PETai GNN + ESM Foundation Model

Inspiration

The plastic pollution crisis demands urgent solutions. With 300 million tons of plastic waste generated annually and PET plastics persisting for centuries, we needed a faster way to engineer enzymes capable of industrial-scale plastic degradation. Traditional enzyme engineering takes years - the planet can't wait that long.

What it does

PETai combines Meta's ESM foundation models with graph neural networks to predict PETase enzyme activity from protein sequences. The system extracts evolutionary patterns from 250 million proteins, then enhances predictions using 3D structural information to understand catalytic mechanisms. This enables rapid screening of millions of enzyme variants computationally.

How we built it

We implemented a two-stage pipeline: First, ESM-2 embeddings capture sequence-level functional patterns (achieving R² = 0.12 baseline). Second, we integrate structural graph networks modeling atomic interactions and active site geometry. The hybrid architecture processes protein sequences through ESM, then feeds embeddings plus structural features into specialized neural networks for activity prediction.

Challenges we ran into

Model architecture compatibility proved difficult - matching ESM embedding dimensions with graph network inputs required careful design. Processing 1 million sequences computationally demanded significant AWS optimization and live-streaming results to handle memory constraints. Balancing sequence and structural information weights required extensive hyperparameter tuning.

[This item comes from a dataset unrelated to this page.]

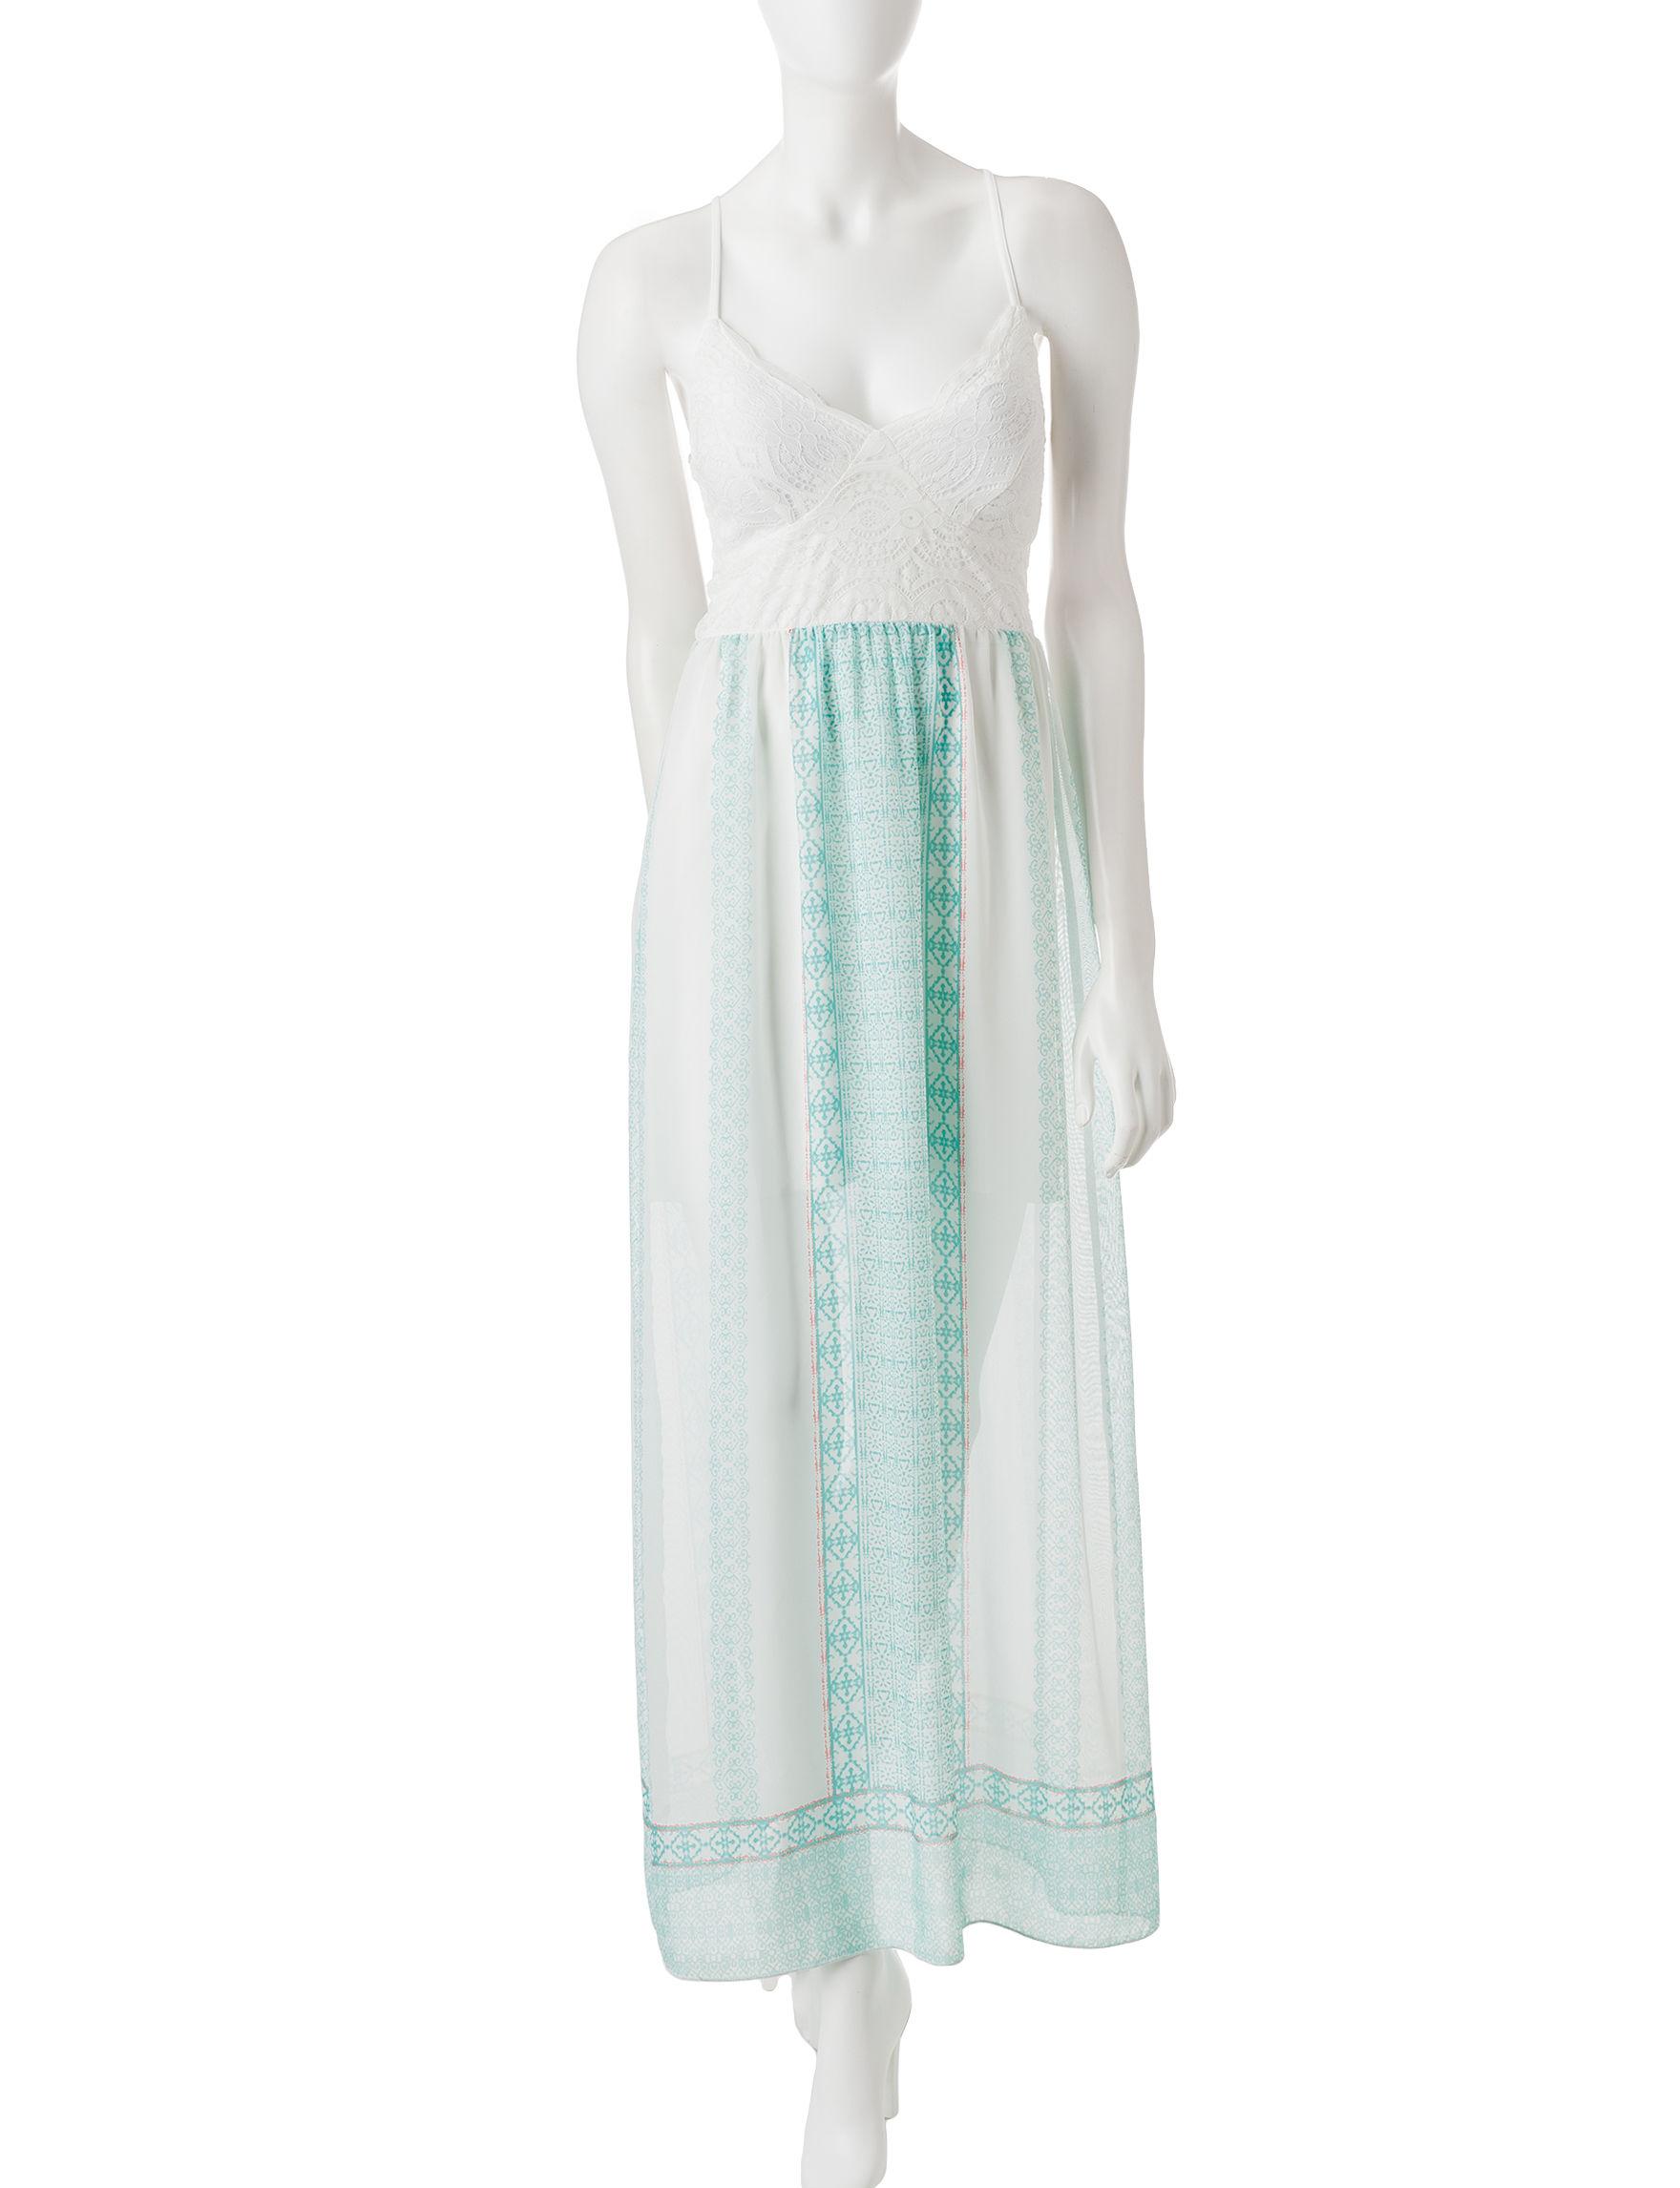 Trixxi White / Blue Everyday & Casual Sundresses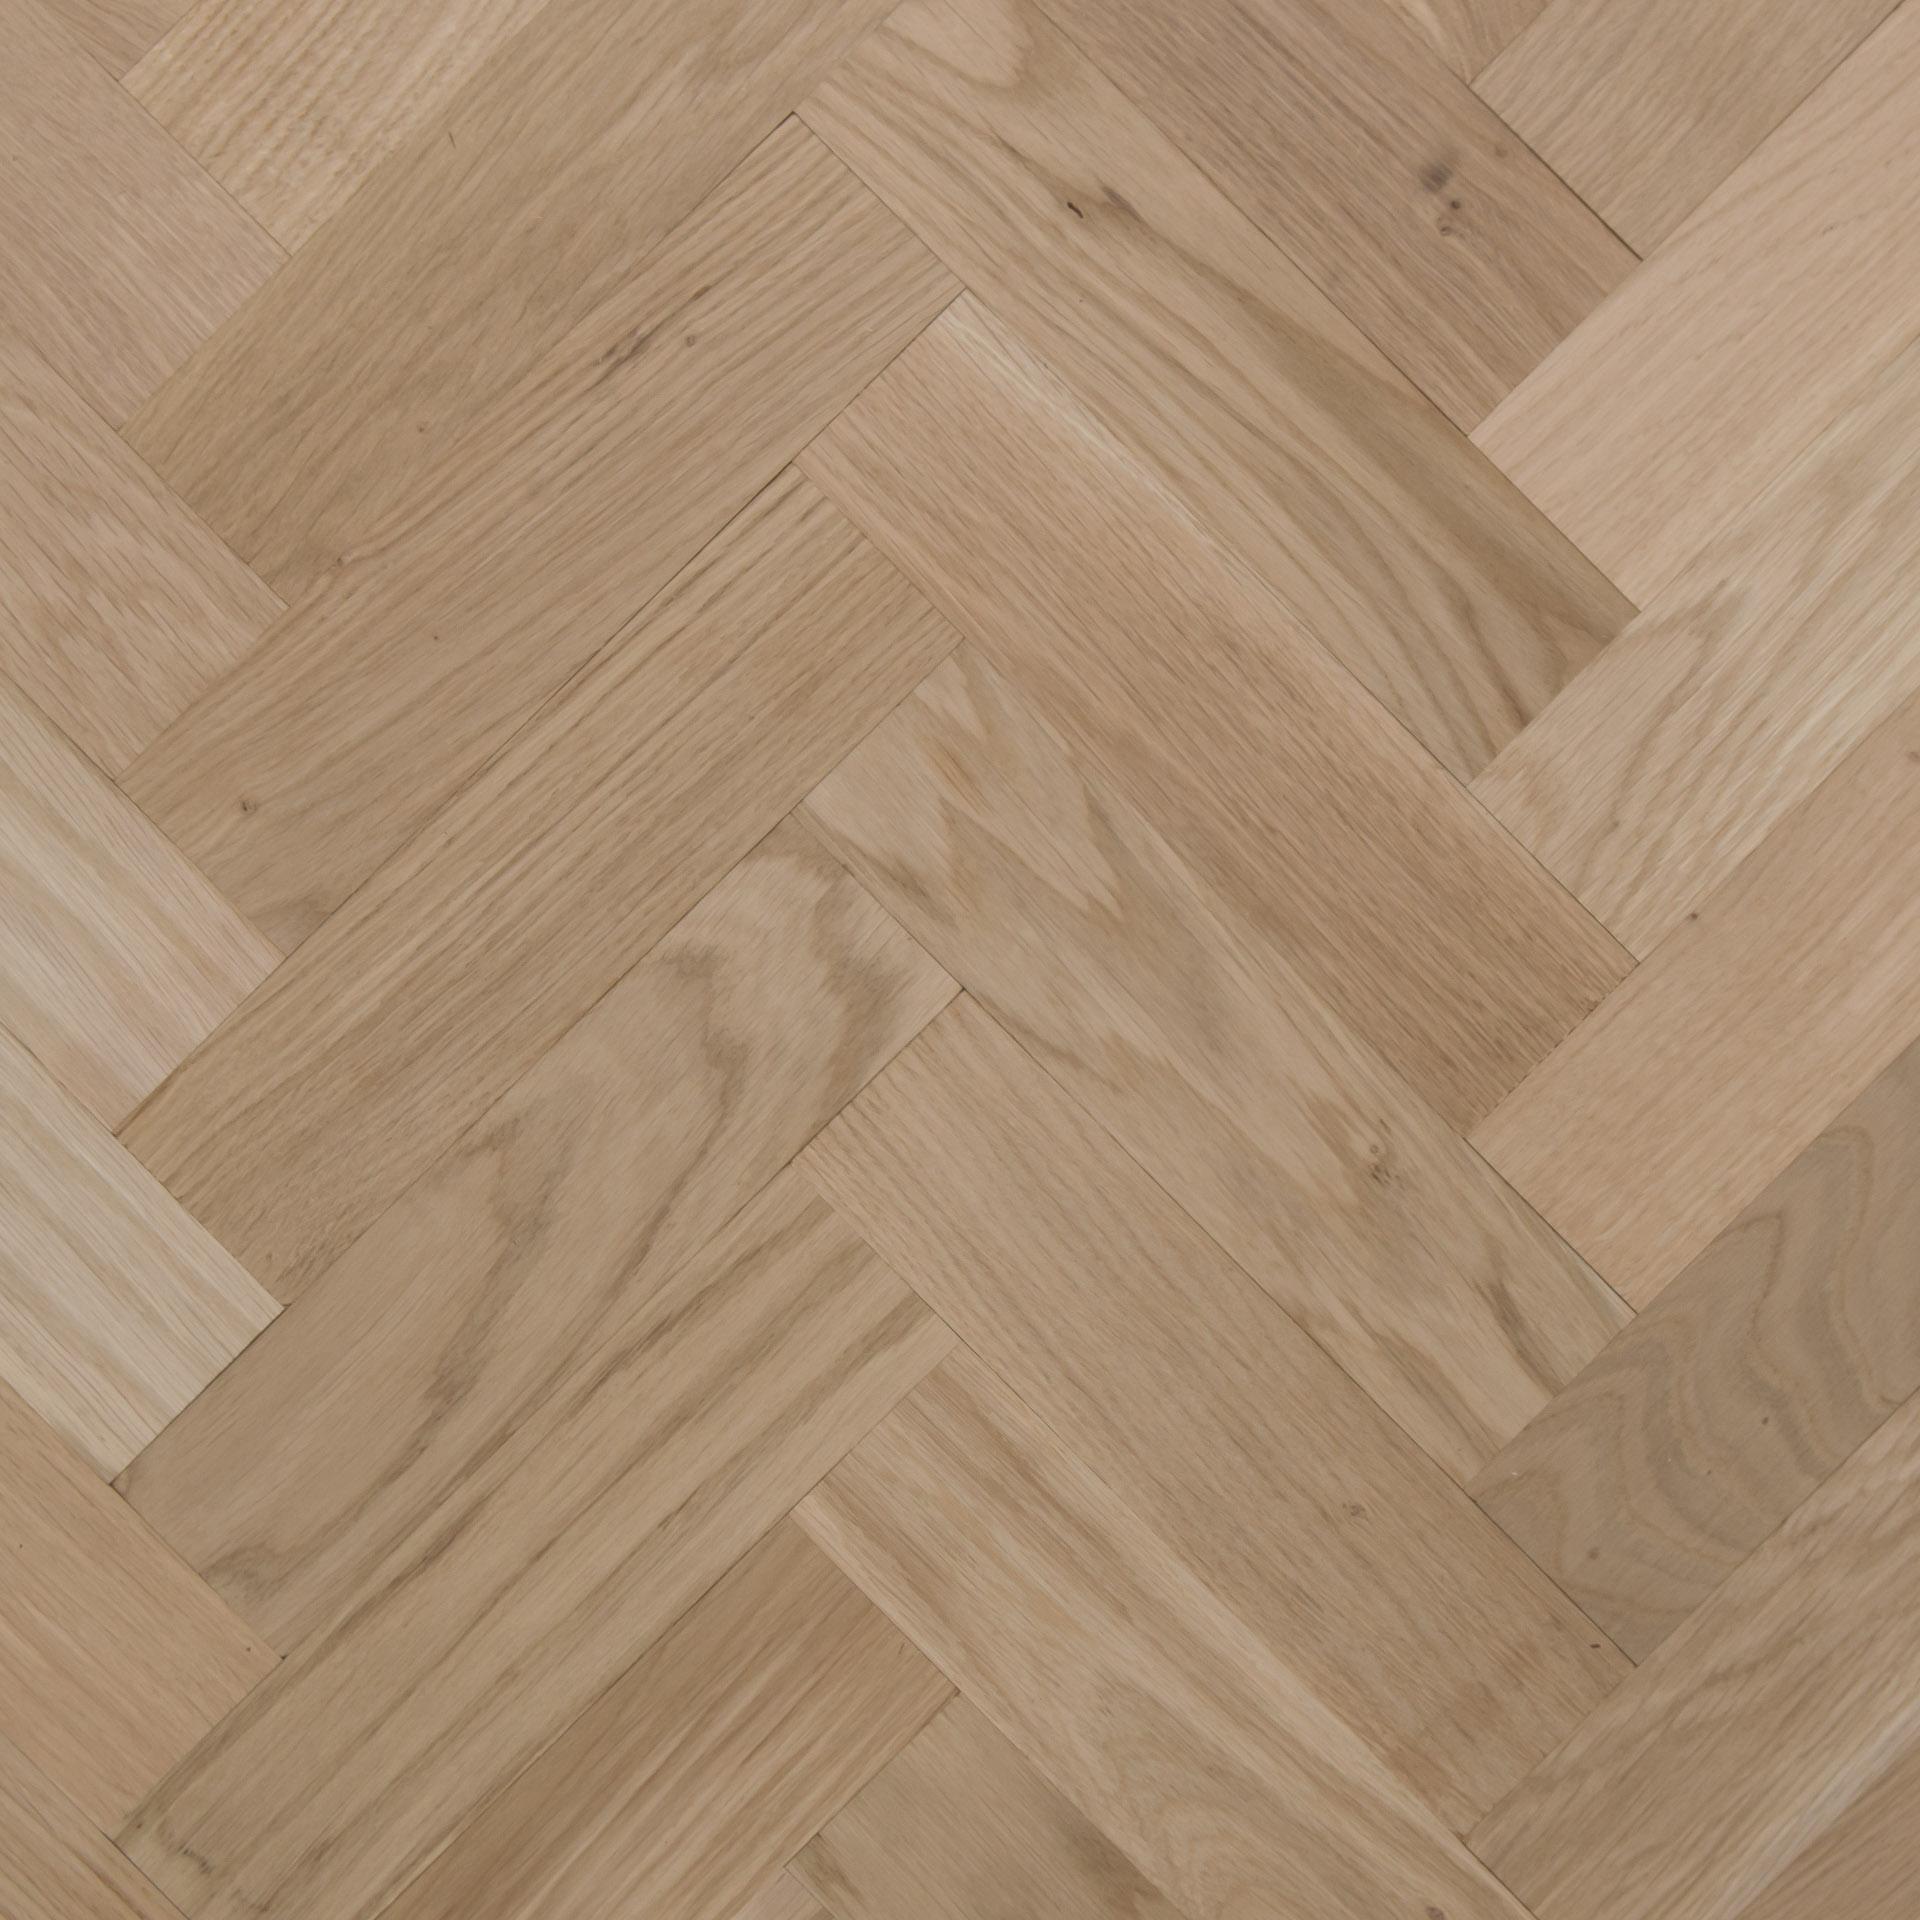 herringbone 250mm x 62mm x 10mm volks flooring. Black Bedroom Furniture Sets. Home Design Ideas

Accomplishments that we're proud of

We successfully combined two cutting-edge AI approaches that traditionally work in isolation. The pipeline scales from single predictions to million-sequence screening with live progress tracking and resume capability. Most importantly, we demonstrated that structural enhancement significantly improves upon sequence-only predictions for enzyme activity.

What we learned

Foundation models like ESM capture remarkable evolutionary patterns, but structure-function relationships require explicit 3D modeling. Computational enzyme engineering is feasible at scale, but requires careful system architecture for real-world deployment. The combination of sequence and structural information consistently outperforms either approach alone.

What's next for PETai GNN + ESM Foundation Model

Laboratory validation of our top computational predictions is the immediate priority. We're expanding to other plastic-degrading enzymes beyond PETase and developing active learning approaches to iteratively improve predictions with experimental feedback. Long-term, this platform could accelerate enzyme engineering across biotechnology, from biofuels to pharmaceuticals.